Four members had been asked to form a "Gardeners' Question Time" panel and were put on the spot answering queries from members and looking at specimens of ailing plants. They were also asked to provide topical tips.
It was an extremely enjoyable evening and we were provided with wine and nibbles.
I am pleased to report another successful year for Ashdon Gardening Club both financially and socially.
We have had 6 speaker meetings kindly organised by Rob Elston ranging from Hostas and Container Plants to Self Sufficiency and Garden Design. I am assured by Rob that we shall have an equally eclectic selection in the forthcoming year.

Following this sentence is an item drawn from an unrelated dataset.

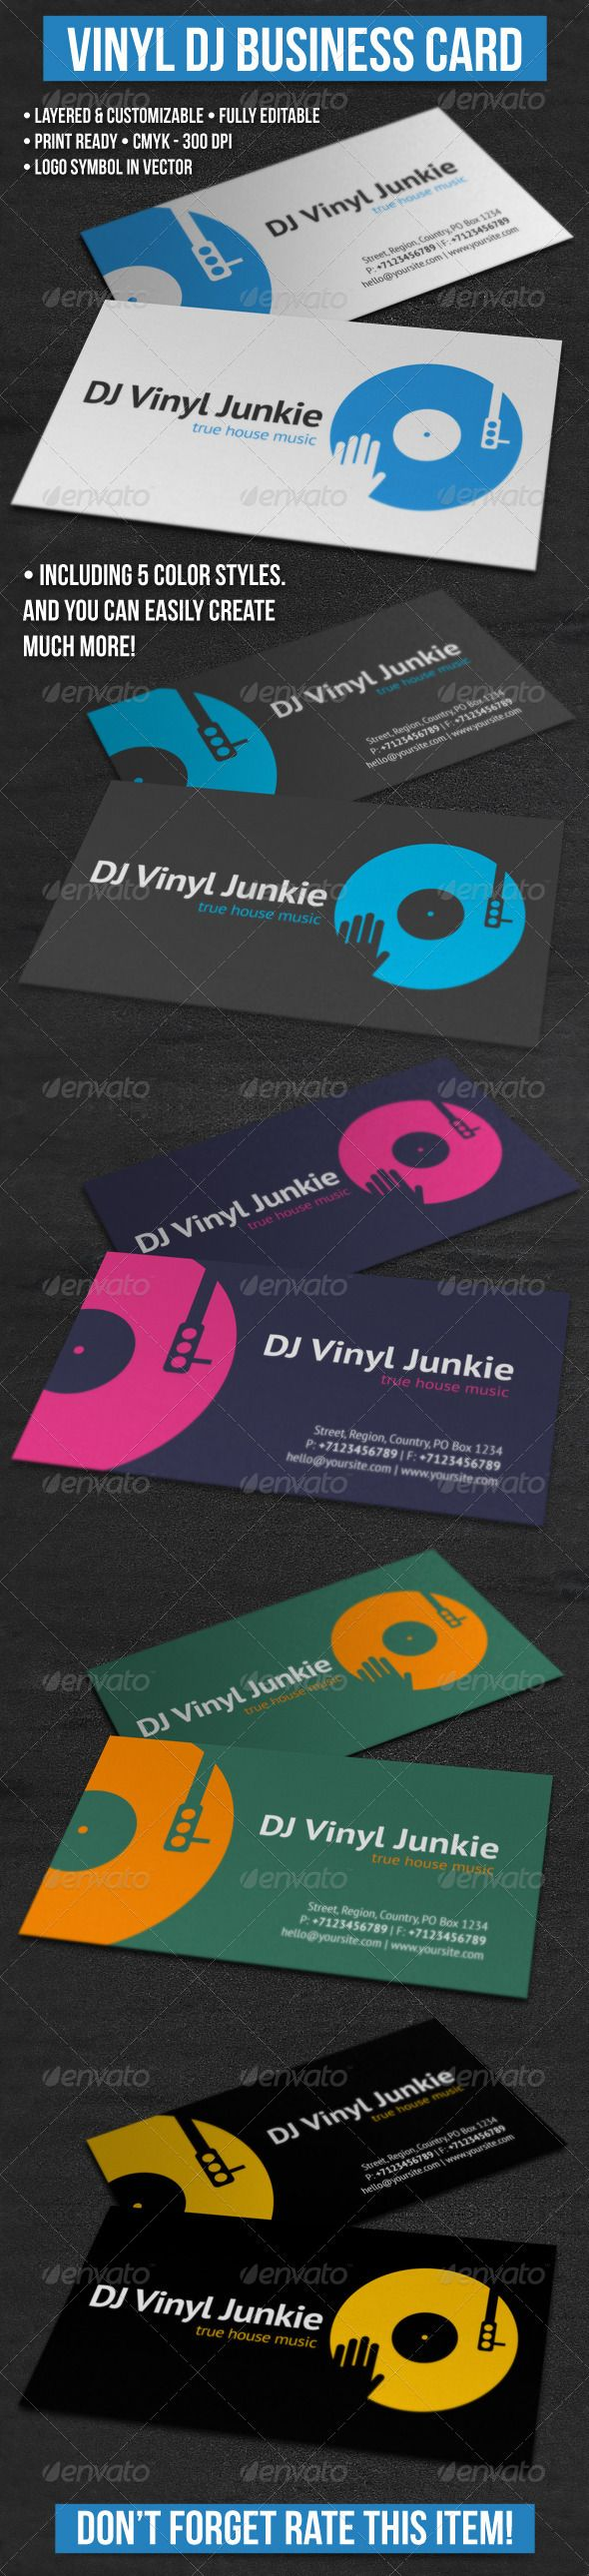 Vinyl DJ Business Card   Dj business cards, Business cards and ...

We have enjoyed 2 social events – the Wine and Cheese party in January and the Barbeque in July. Thanks to Janet and Mike Elsey for organising the catering at tonight’s AGM and at the January Social, and thanks to all the committee for their help at both events.
There were 2 outside visits, one to a delightful house and garden near Dunmow the name of which I now cannot remember and a walk around Members gardens in the village. Thanks to Lisa, Hilary and other members of the committee for organising that.
The Plant sale was its usual success and thanks to all of you for your plants. It contributes a great deal to our finances as does the monthly raffle organised by Marion Wrigley.
The website run by Gillian Brooker continues to be a valuable tool in attracting and communicating with members so thank you Gillian and thank you also for your work on the Handbook.
This will be the last year that we organise the Ashdon Show so I would like to see a bumper crop of entries particularly in the members section for which we shall be distributing the plants this evening. Richard will talk about what we intend to do to replace the show later in the evening after the AGM.
Finally I would like to thank you all for your support during the year particularly as, when I came to write these notes, I realised I had missed half of the meetings and other members of the committee had stood in for me. My personal thanks to them.